> What you will do
Skip the pictures and restate, word for word, the lines from the one containing "A waiter, Jose" to the end of the data below.

> Data extract

···

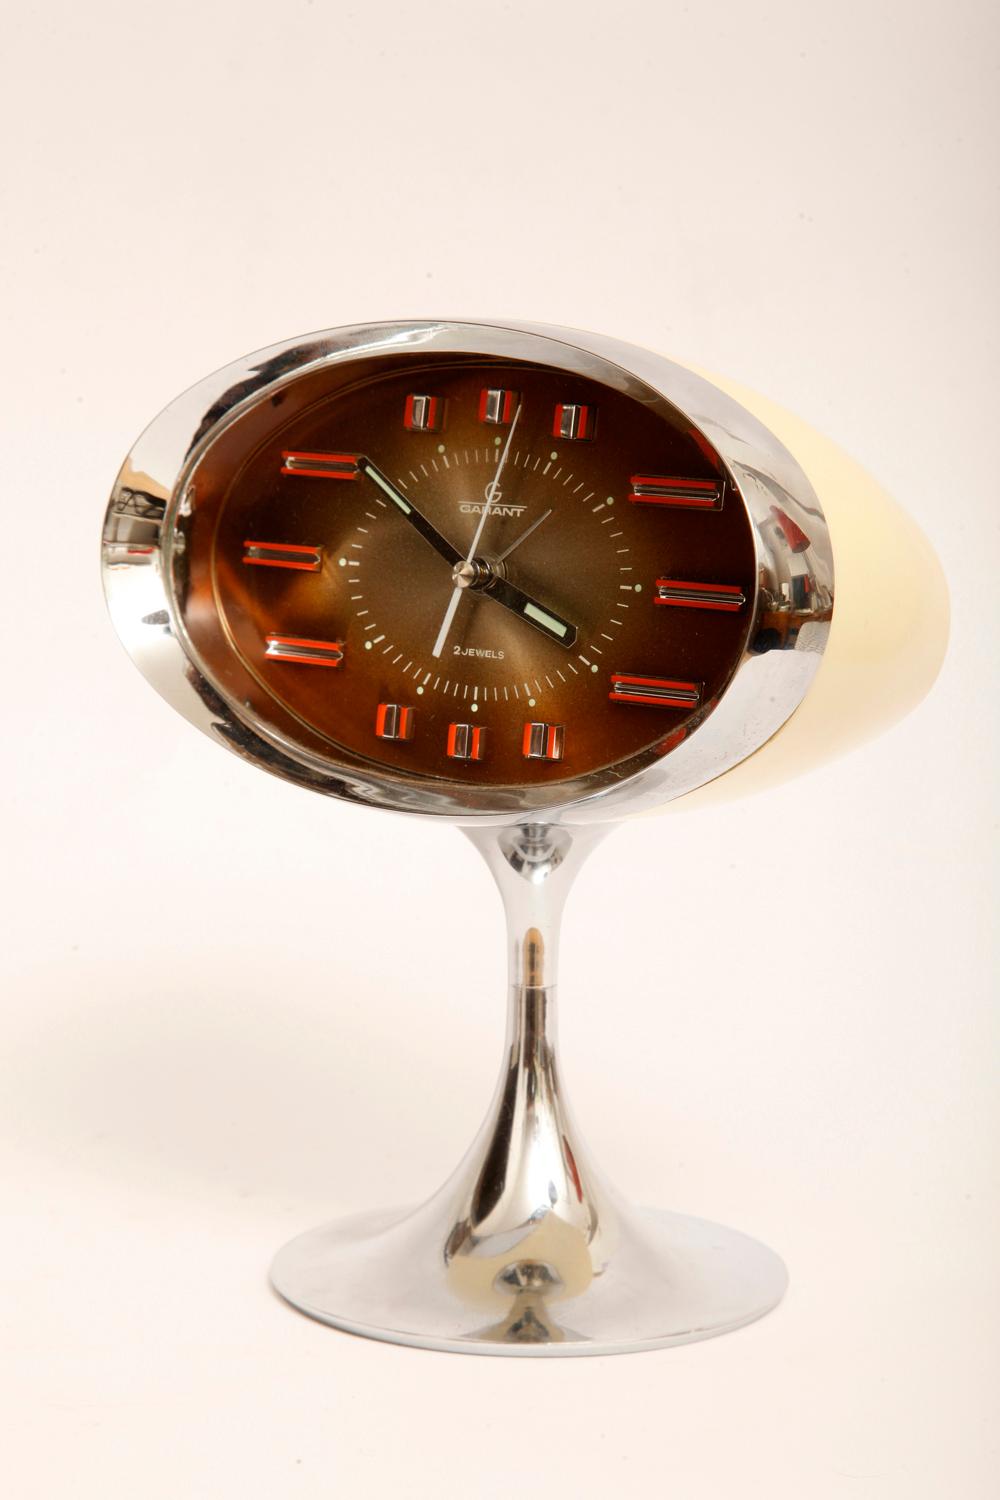 Japanese Space Age Alarm Clock Garant, Plastic and Chromed, 1970s For Sale 13
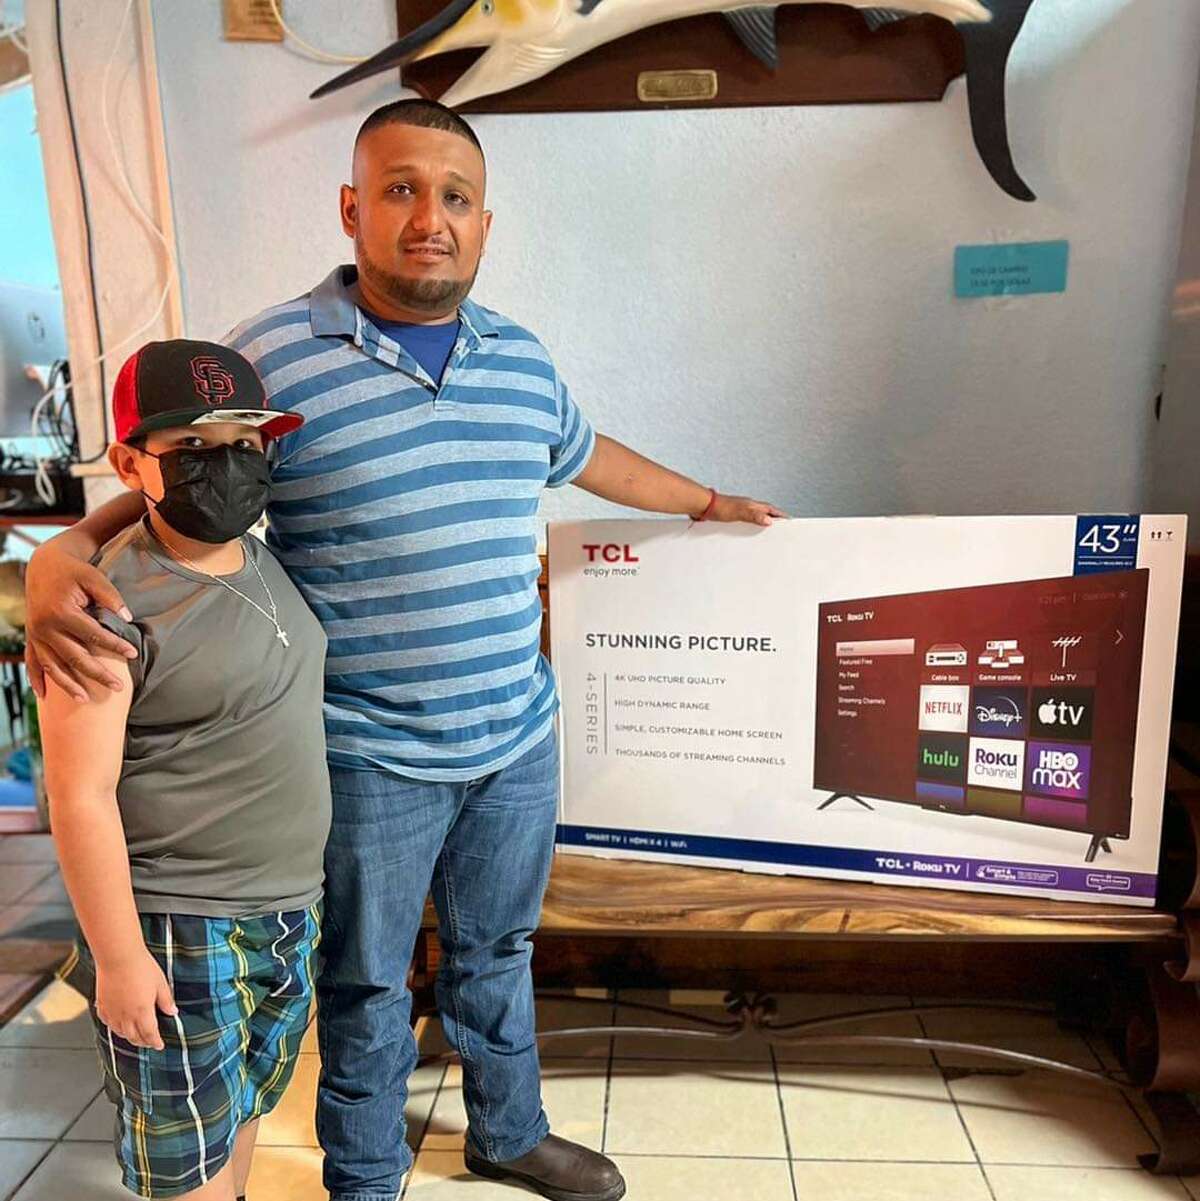 A waiter, Jose Luis Ortiz, from the Nuevo Laredoan restaurant, Pescados y Mariscos Beto’s, was awarded with a large television screen for his good work ethic on the job as he gave back extra money that a customer paid for his order at the restaurant. 
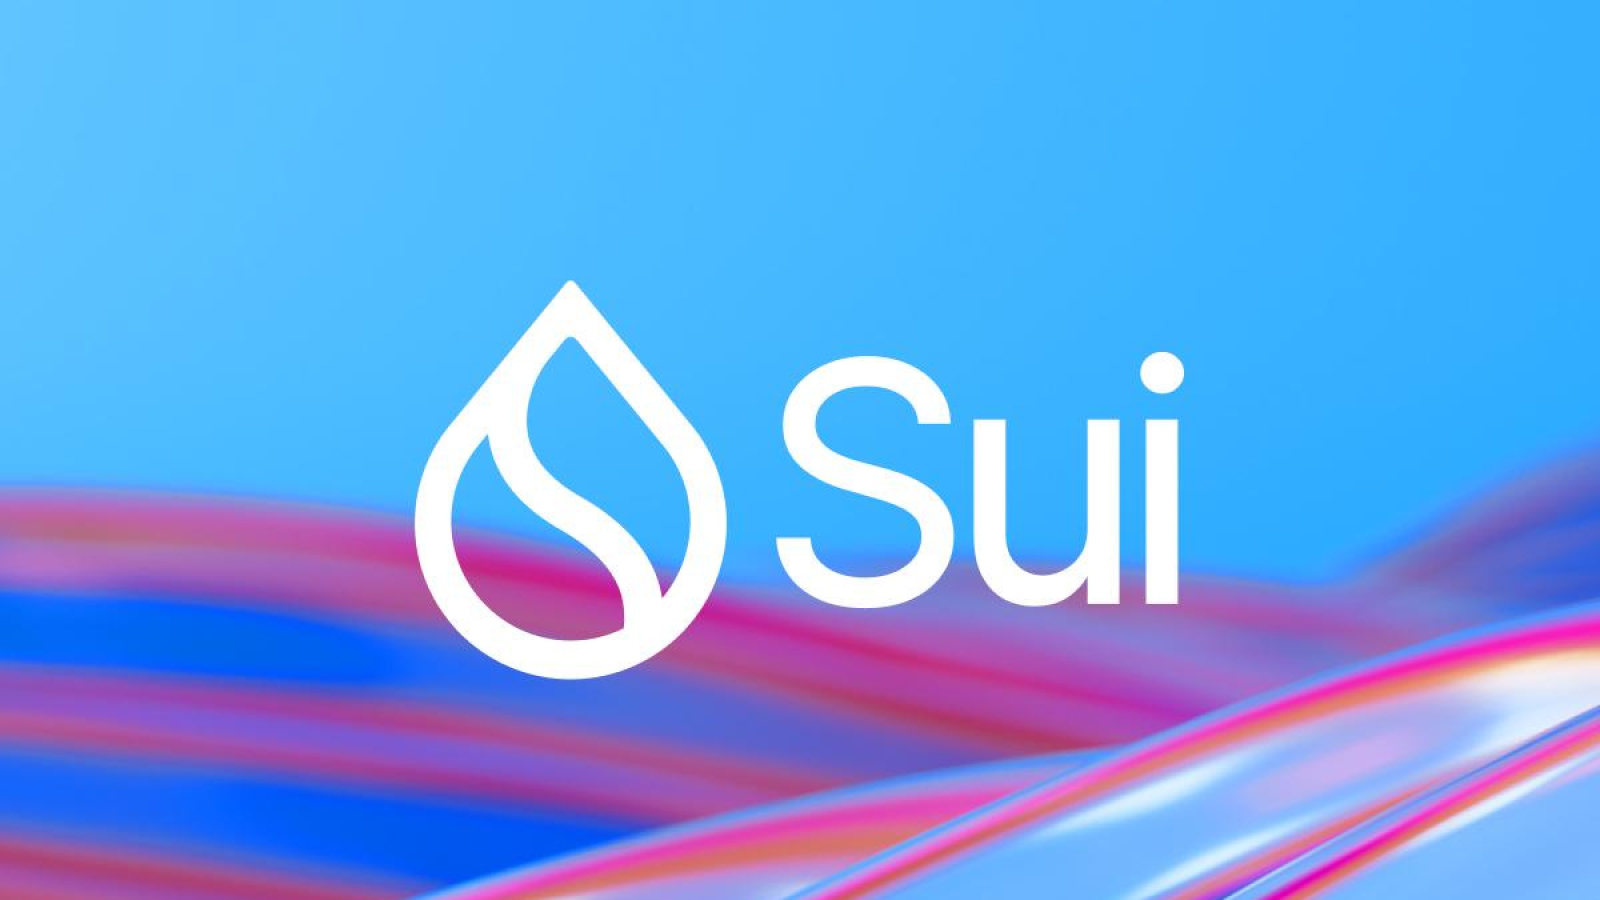 Sui and Mesh Combine Forces to Bring Simplified Transactions Across the Sui Ecosystem
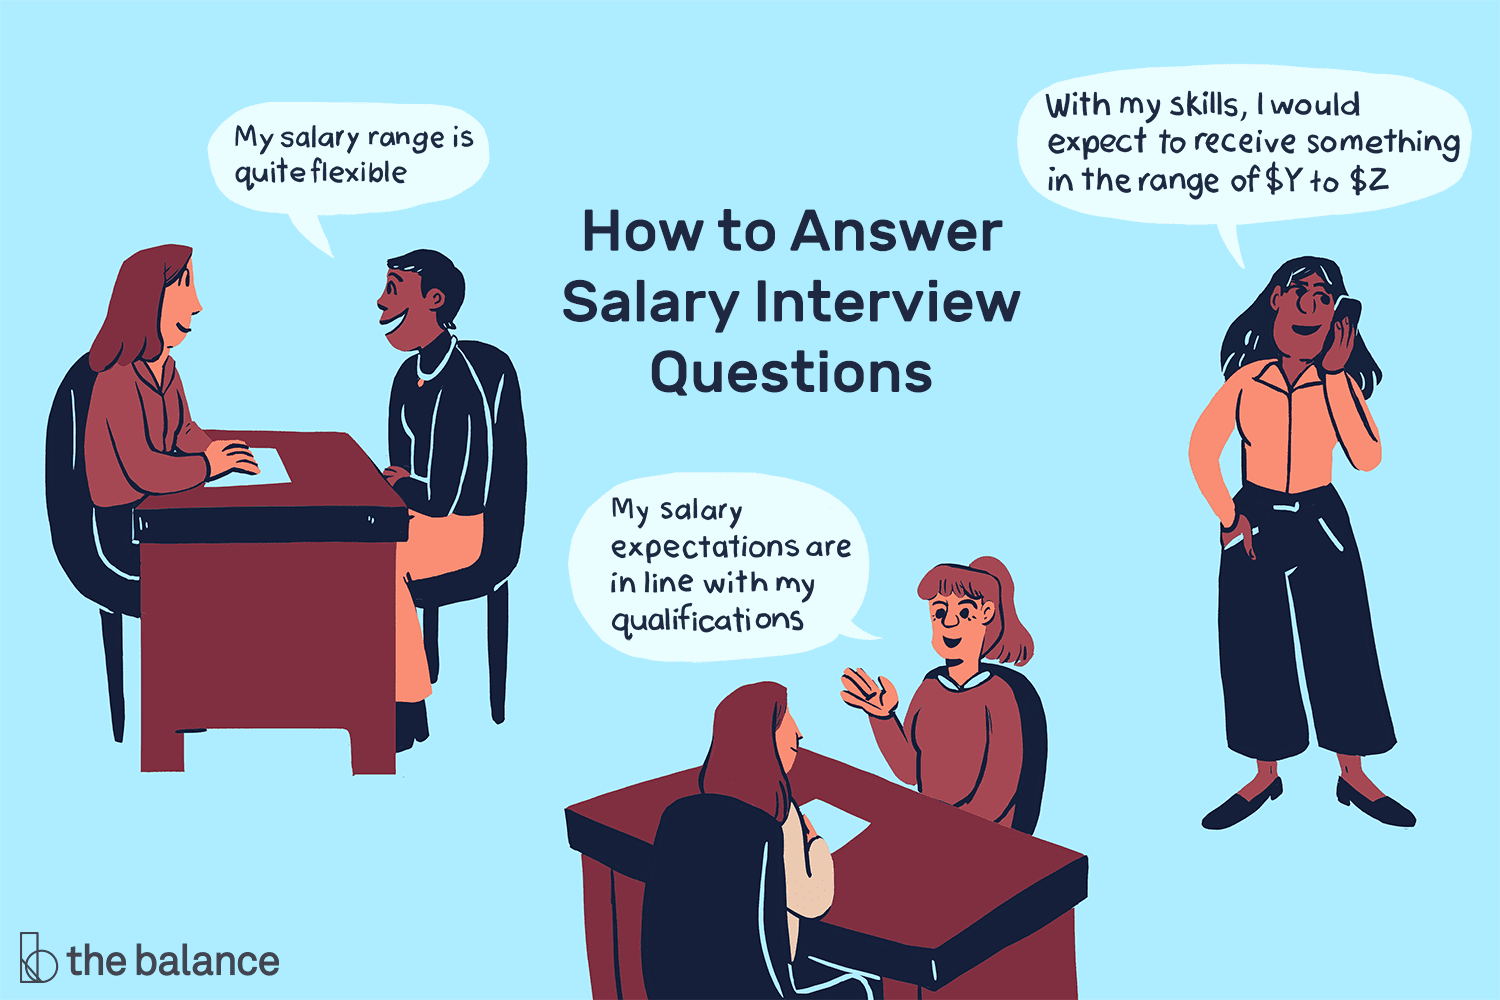 Expect asking. Salary expectations. What are your salary expectations. How to answer the question what are your salary expectations. Questions about salary.

···

> Written reply
 A waiter, Jose Luis Ortiz, from the Nuevo Laredoan restaurant, Pescados y Mariscos Beto’s, was awarded with a large television screen for his good work ethic on the job as he gave back extra money that a customer paid for his order at the restaurant. 
 Sui and Mesh Combine Forces to Bring Simplified Transactions Across the Sui Ecosystem
 Expect asking. Salary expectations. What are your salary expectations. How to answer the question what are your salary expectations. Questions about salary.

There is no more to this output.